I’m alone in the house. The Pip-Pop, now two and three-quarters, started at forest pre-school this morning. He’s the exact age that the other two were when they became a big sister/brother. Sometimes that seems very small, but most often it seems plenty big enough. He’ll be going to pre-school one morning a week to start with, then gradually increasing until after Christmas he’ll be doing his fifteen funded hours.
He’s been really excited about going. He thinks that he looks like a fire engine in his new red waterproof dungarees. We dropped the older two at school, walked back to the house together hand-in-hand. As I strapped him into his car seat he said, ‘Mumma, why do I have to have my first day without you?’ I told him I didn’t know, but that it would be a lot of fun.

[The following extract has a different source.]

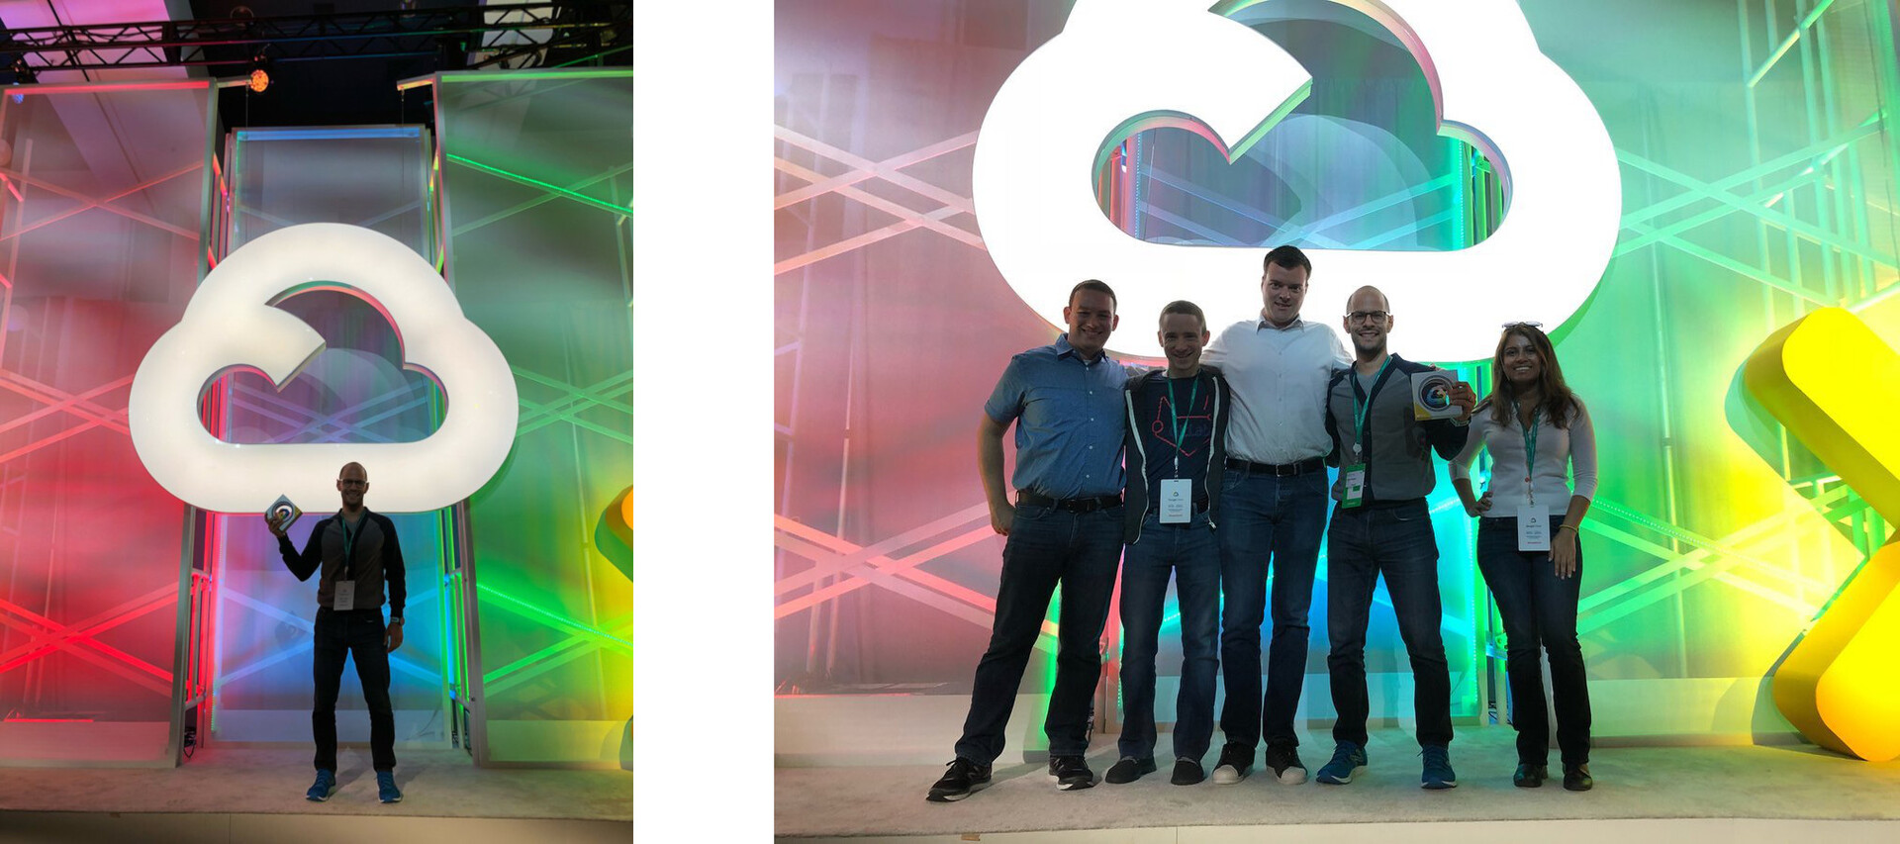 Eliran Mesika with GitLab's award + GitLab team with award
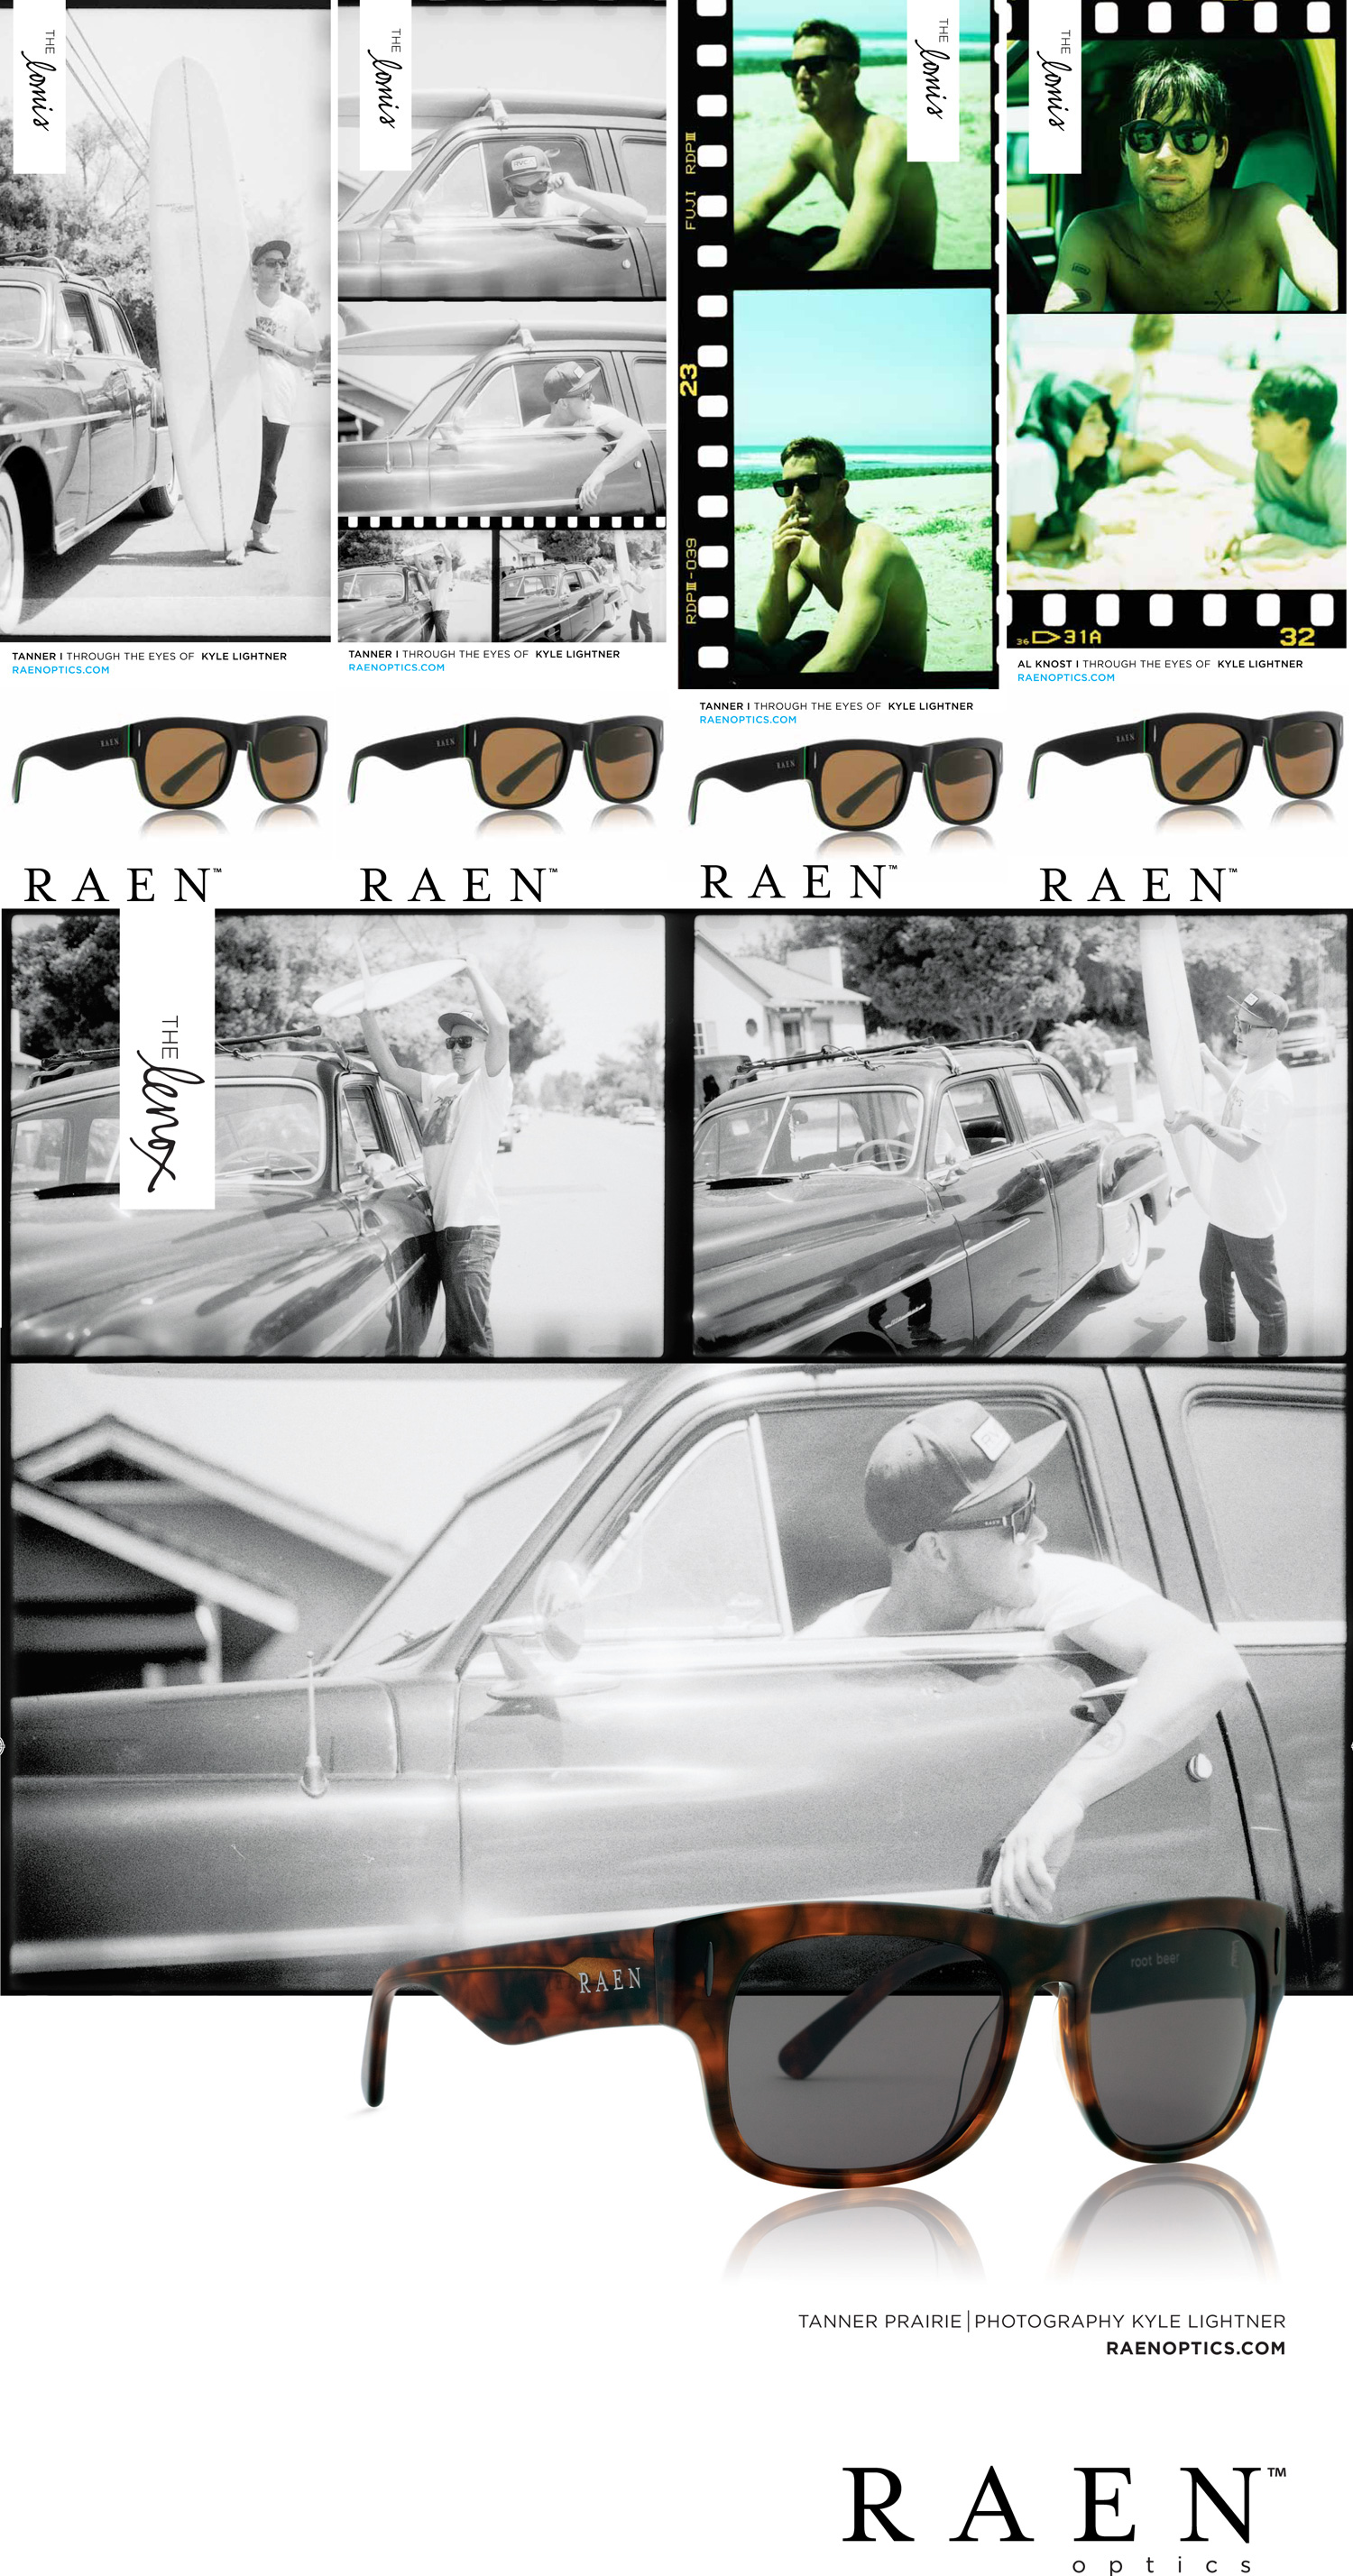 RAEN Optics Ads.

When I got home again, I didn’t know what to do because there was so much that I wanted to do. To read, to write, to go for a walk alone. Even to sleep. I washed up and put the washing machine on while I made coffee. I thought about the brief weeks when R was at pre-school before the Pip-Pop was born. I thought about those days, so long ago now, when T was at pre-school in London and R was just a few months old. It feels like those were rehearsals for this — though I was never wholly alone. I had, I should add, two hours before it was time to go and get him back. Now I have half an hour.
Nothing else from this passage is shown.